A multilinear polynomial is a polynomial that is linear in each of its variables. In this case, consider a system of these polynomials in the finite field $\mathbb{F}$ as follows:
$f_1(a_1, x_1, b_1)= a_1x_1 + b_1 = c_{1,1} \quad ... \quad f_1(a_1, x_m , b_1) = a_1x_m + b_1 = c_{1,m}$
$...$
$f_n(a_n, x_1, b_n)= a_nx_1 + b_n = c_{n,1} \quad ... \quad f_n(a_n, x_m , b_n) = a_nx_m + b_n = c_{n,m}$
where $a_i, b_i$ are variables for $1 \leq i \leq n$, $x_i$ is a variable for $1 \leq i \leq m$, and $c_{i,j}$ is a constant for $1 \leq i \leq n, 1 \leq j \leq m$.
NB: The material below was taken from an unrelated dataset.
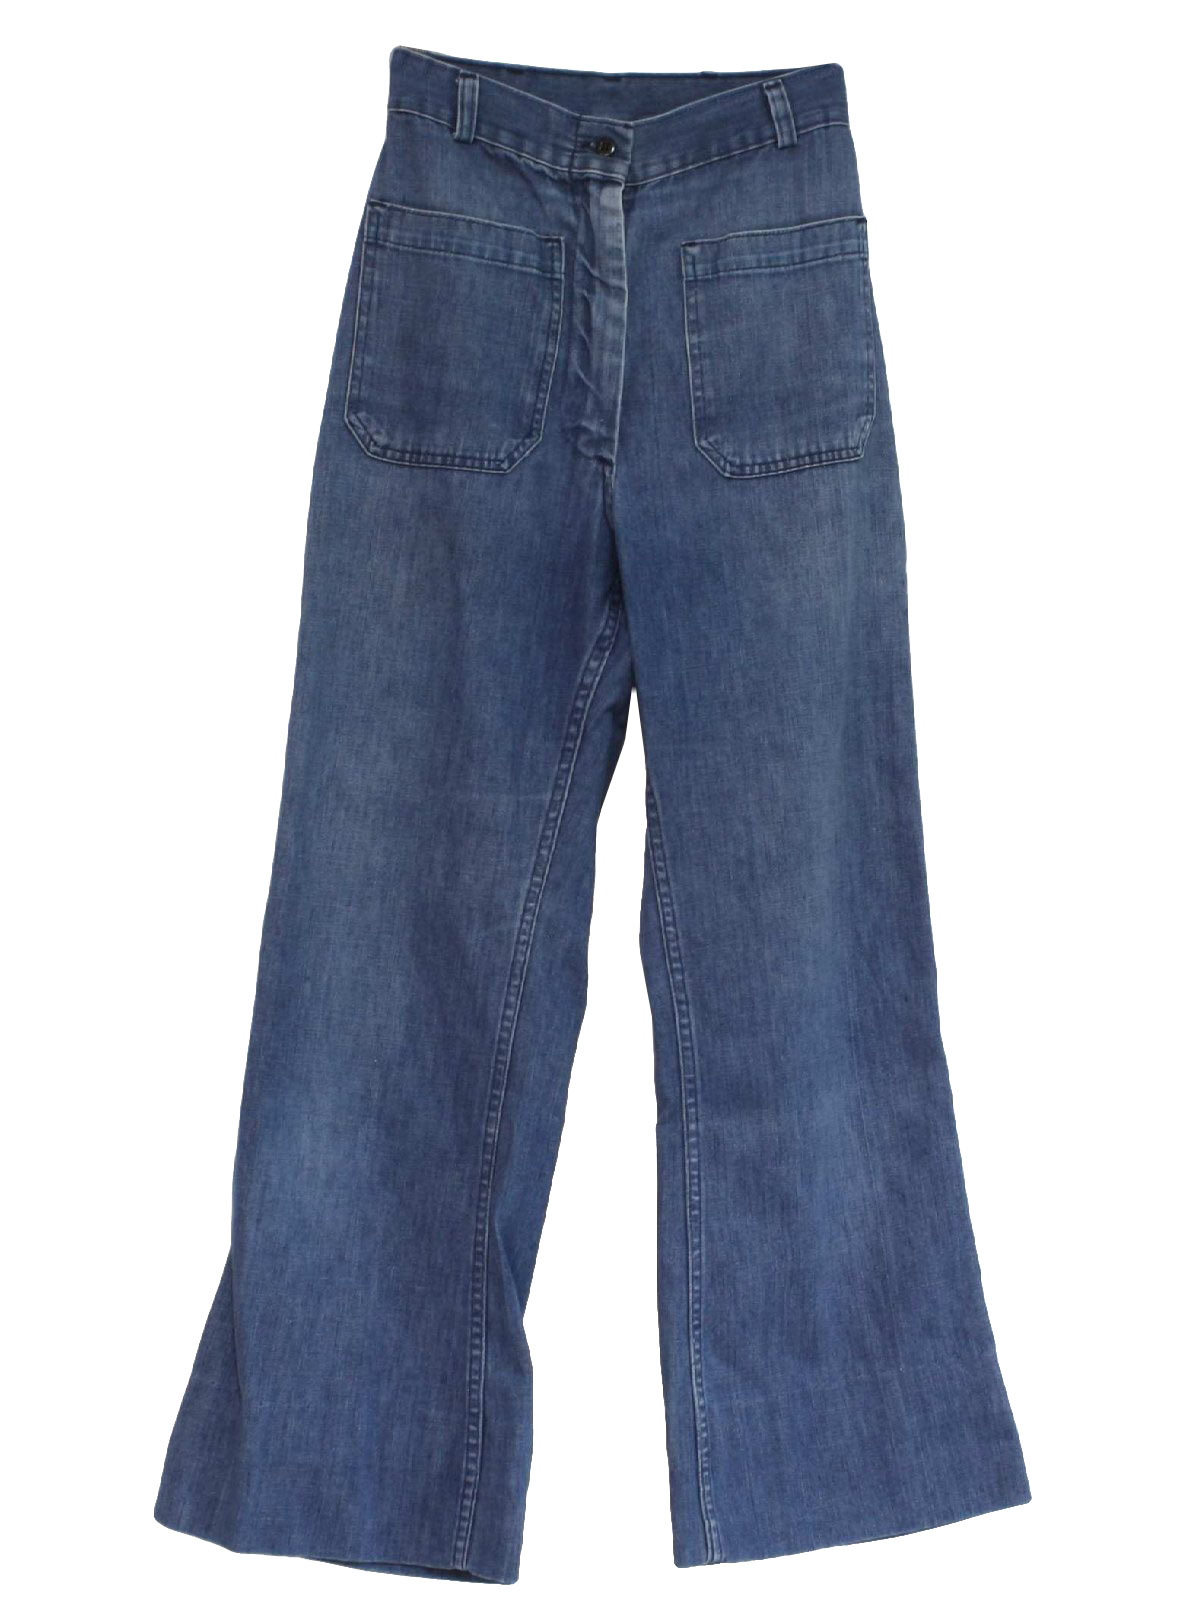 1970's Bellbottom Pants (Choctaw): 70s -Choctaw- Womens blue cotton and ...

We are given that this system has at least one solution and none of the equations are linear combinations of each other. Note that there are $2n+m$ variables and $nm$ equations, so the system is overdetermined. My question is how many possible solutions for such a system are there? Can we determine some sort of exponential bound?
For context, Bézout's theorem https://en.wikipedia.org/wiki/B%C3%A9zout%27s_theorem gives an exponential upper bound, however, it only applies to when the number of variables is equal to the number of equations.